RESULTS: In group 70, Mediti700 (43 µm), Primescan (42 µm), and EmeraldS were in the best homogenous subset for the marginal gap, followed by the Lumina (67 µm), Aoralscan3 (70 µm), and Trios5 (70 µm), whereas Helios600 (118 µm) was in the third subset. Based on the MAE at the margin, Mediti700, Trios5, and EmeraldS were in the first-best homogenous subset, followed by Primescan. Lumina and Helios600 were in the third subset, and Aoralscan3 was in the fourth subset. In group 70+20, the marginal gap was significantly decreased for Lumina and Aoralscan3, whereas MAE significantly decreased for EmeraldS and Aoralscan3. The rank of IOSs was similar for the internal gap.
CONCLUSIONS: EmeraldS, Mediti700, Primescan, and Trios5 meet the marginal and internal fit criteria for fixed tooth-borne complete arch restorations. Increasing the cement space during design could enhance restoration fit.

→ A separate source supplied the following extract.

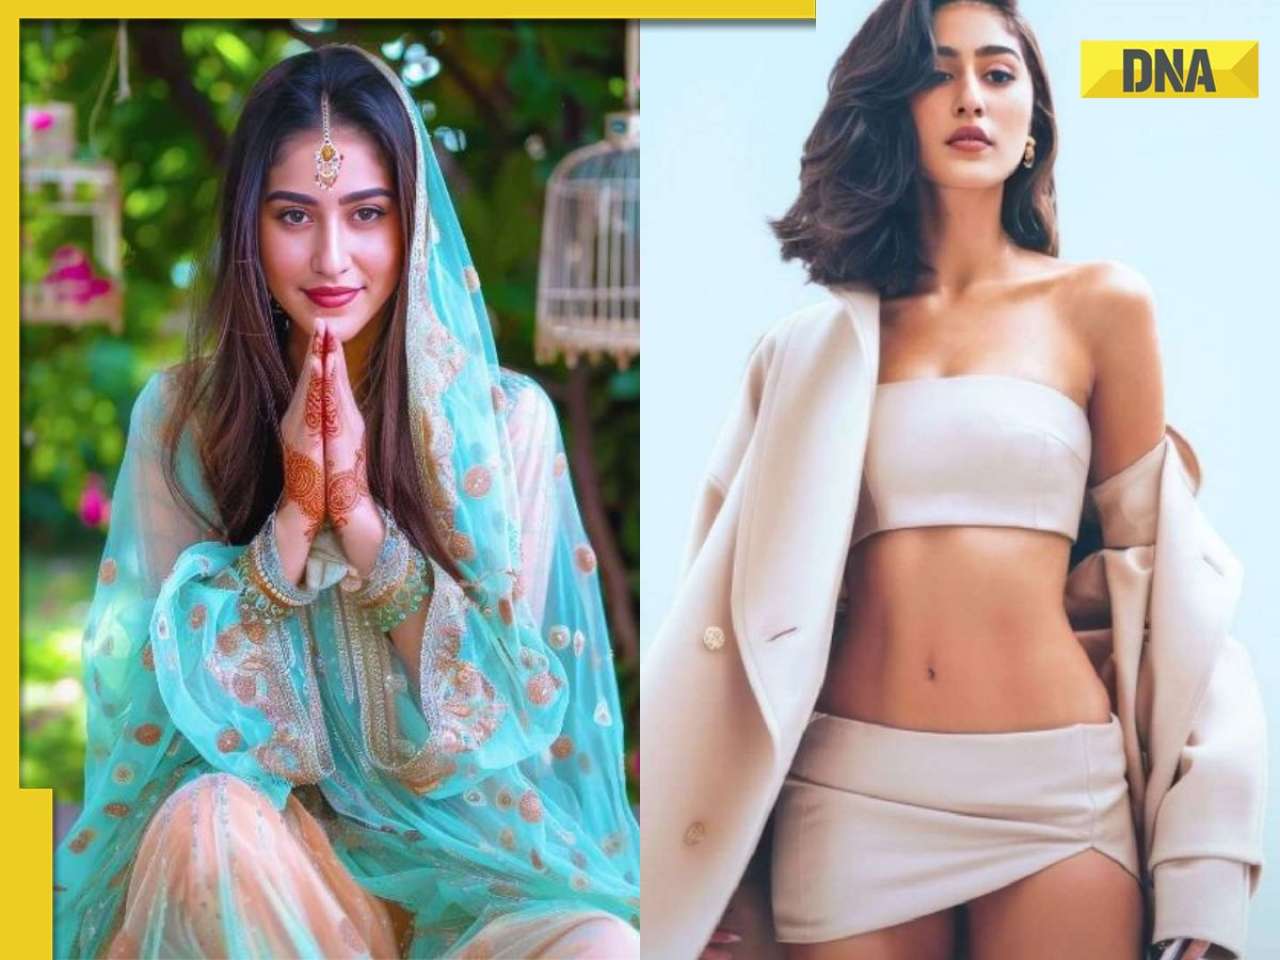 Who is Zara Sharavari, what's her connection with India and why is she trending on internet?

CONCLUSIONS: The virtual-fit alignment method can effectively evaluate the accuracy of different intraoral scanners, offering valuable clinical guidance for distinguishing among them. Recent software and hardware versions of long-standing IOS manufacturers are suitable for fabricating complete arch restoration.
摘要:
目的:本研究通过虚拟拟合方法比较了七种口内扫描仪(IOS)的准确性。
方法:用工业参考扫描仪(n=1)和Aoralscan3,EmeraldS,Helios600,Lumina,Mediti700Primescan,和Trios5IOS(每个n=12)。在每次IOS扫描上设计了两个完整的拱形固定框架,其厚度为70µm(组70)和90µm的内部水泥空间(组7020,边缘处另外20µm)。虚拟拟合方法包括使用模拟临床尝试的非穿透算法将框架设计叠加到参考扫描上。测量了内部和边际差距。精度由平均绝对误差(MAE)估计。
结果:在第70组中,Mediti700(43µm),Primescan(42µm),EmeraldS处于边际差距的最佳同质子集,其次是Lumina(67µm),Aoralscan3(70µm),和Trios5(70µm),而Helios600(118µm)在第三个子集。根据利润率的MAE,Mediti700、Trios5和EmeraldS属于第一好的同质子集,其次是Primescan。Lumina和Helios600属于第三个子集,Aoralscan3在第四子集。在第7020组中,Lumina和Aoralscan3的边缘间隙显着减小,而EmeraldS和Aoralscan3的MAE显着降低。IOS的等级与内部差距相似。
结论:翡翠,Mediti700Primescan,和Trios5满足固定牙载完整牙弓修复的边缘和内部配合标准。在设计过程中增加水泥空间可以增强修复配合。
结论:虚拟配合对准方法可有效评估不同口内扫描仪的准确性,为区分它们提供有价值的临床指导。长期IOS制造商的最新软件和硬件版本适用于制造完整的拱形修复。
方法:用工业参考扫描仪(n=1)和Aoralscan3,EmeraldS,Helios600,Lumina,Mediti700Primescan,和Trios5IOS(每个n=12)。在每次IOS扫描上设计了两个完整的拱形固定框架,其厚度为70µm(组70)和90µm的内部水泥空间(组7020,边缘处另外20µm)。虚拟拟合方法包括使用模拟临床尝试的非穿透算法将框架设计叠加到参考扫描上。测量了内部和边际差距。精度由平均绝对误差(MAE)估计。
结果:在第70组中,Mediti700(43µm),Primescan(42µm),EmeraldS处于边际差距的最佳同质子集,其次是Lumina(67µm),Aoralscan3(70µm),和Trios5(70µm),而Helios600(118µm)在第三个子集。根据利润率的MAE,Mediti700、Trios5和EmeraldS属于第一好的同质子集,其次是Primescan。Lumina和Helios600属于第三个子集,Aoralscan3在第四子集。在第7020组中,Lumina和Aoralscan3的边缘间隙显着减小,而EmeraldS和Aoralscan3的MAE显着降低。IOS的等级与内部差距相似。
结论:翡翠,Mediti700Primescan,和Trios5满足固定牙载完整牙弓修复的边缘和内部配合标准。在设计过程中增加水泥空间可以增强修复配合。
结论:虚拟配合对准方法可有效评估不同口内扫描仪的准确性,为区分它们提供有价值的临床指导。长期IOS制造商的最新软件和硬件版本适用于制造完整的拱形修复。